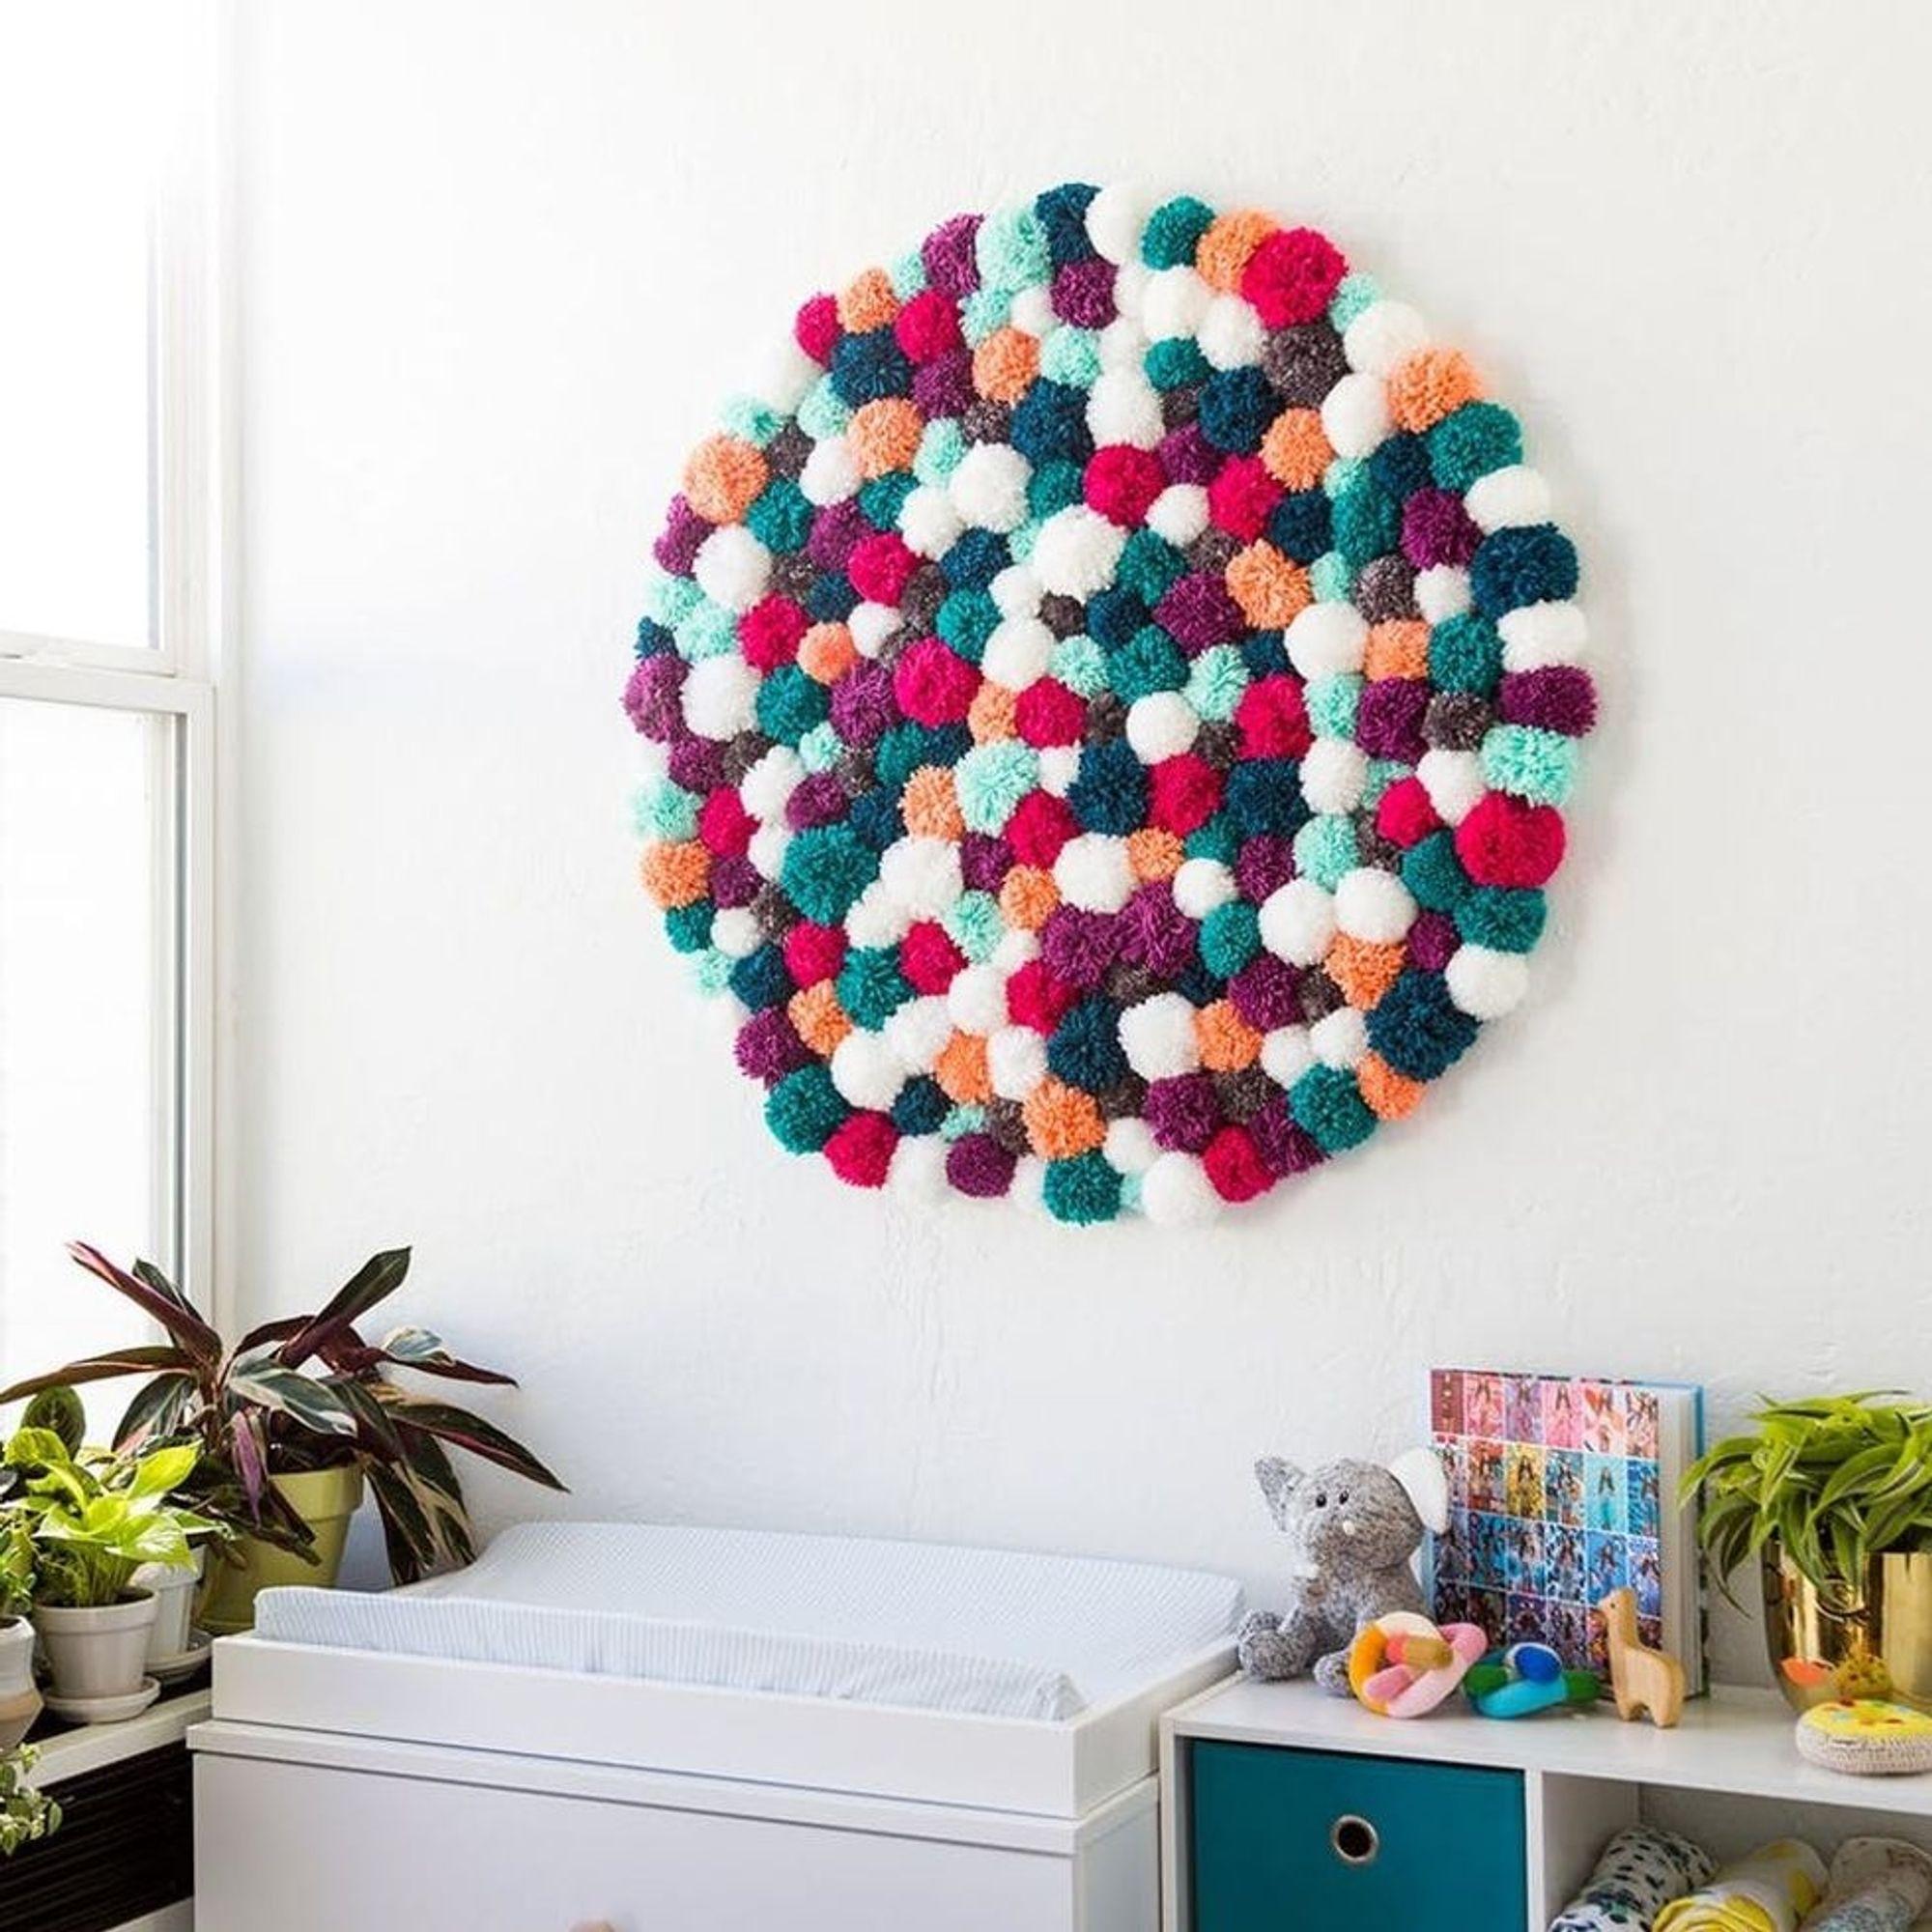 31 Ways to DIY a Dreamy Baby Room
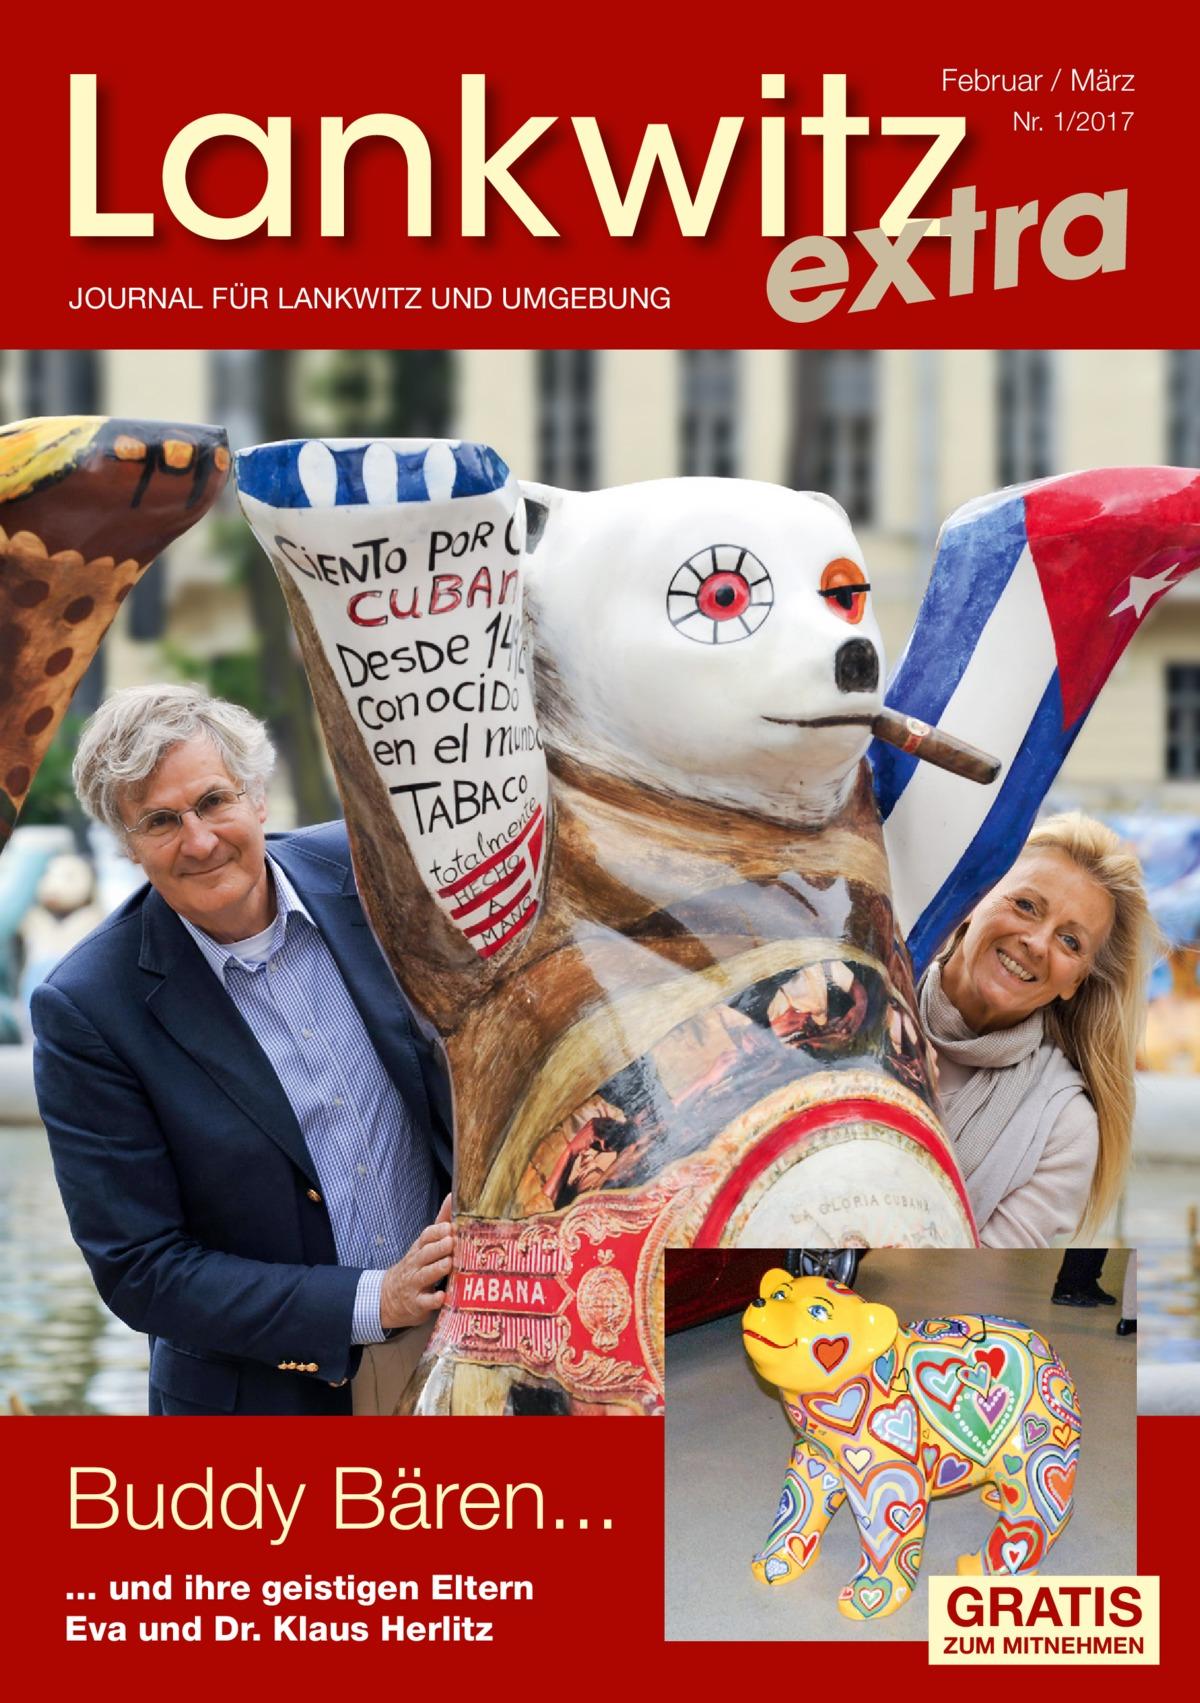 Lankwitz a r t x e  Februar / März Nr. 1/2017  JOURNAL FÜR LANKWITZ UND UMGEBUNG  Buddy Bären... ... und ihre geistigen Eltern Eva und Dr.Klaus Herlitz  GRATIS  ZUM MITNEHMEN
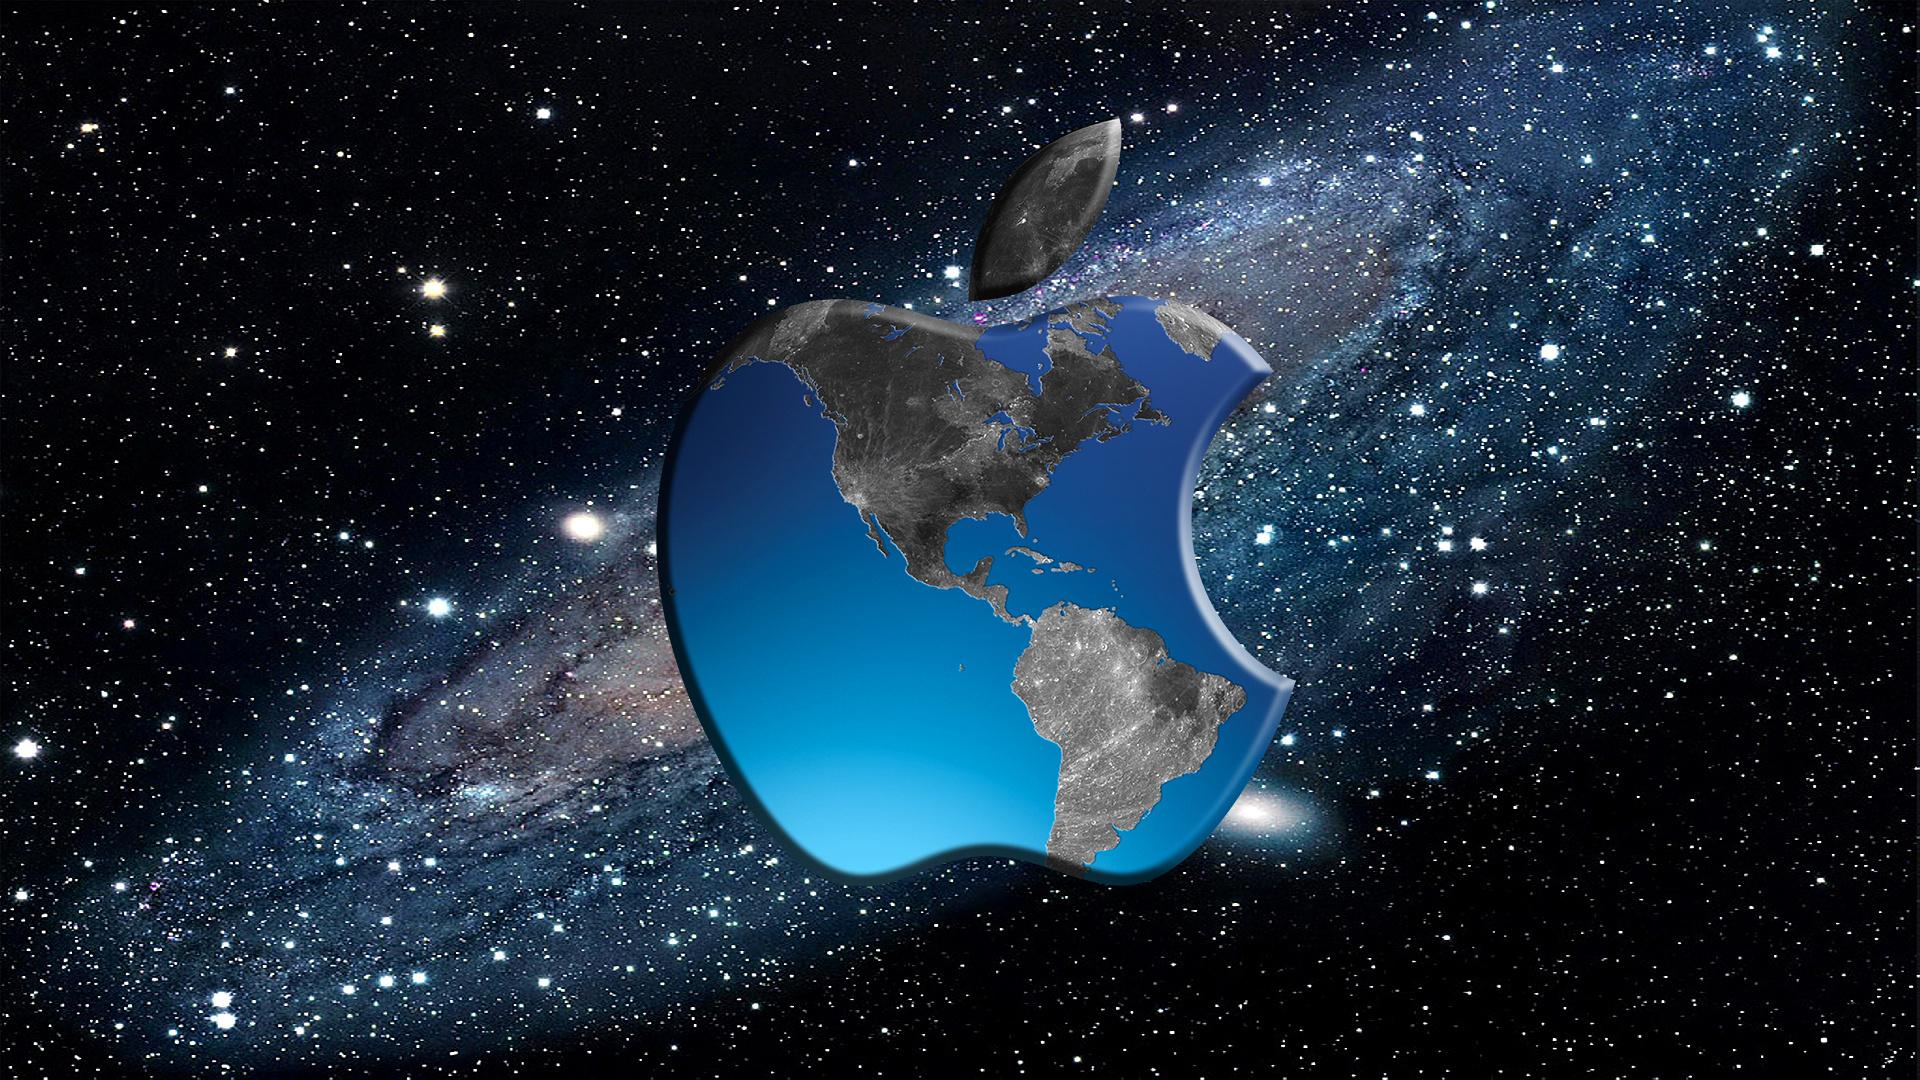 Корпорация Apple вкладывает в инфраструктуру ЕС $1.9 миллиарда. Что это, экспансия в Европу или побег из США?

TASK BRIEF | Restate the lines above exactly, from the one bearing "Lankwitz a r" through the final line of the material, both included, omitting pictures.

EXERCISE OUTPUT |
 Lankwitz a r t x e  Februar / März Nr. 1/2017  JOURNAL FÜR LANKWITZ UND UMGEBUNG  Buddy Bären... ... und ihre geistigen Eltern Eva und Dr.Klaus Herlitz  GRATIS  ZUM MITNEHMEN
 Корпорация Apple вкладывает в инфраструктуру ЕС $1.9 миллиарда. Что это, экспансия в Европу или побег из США?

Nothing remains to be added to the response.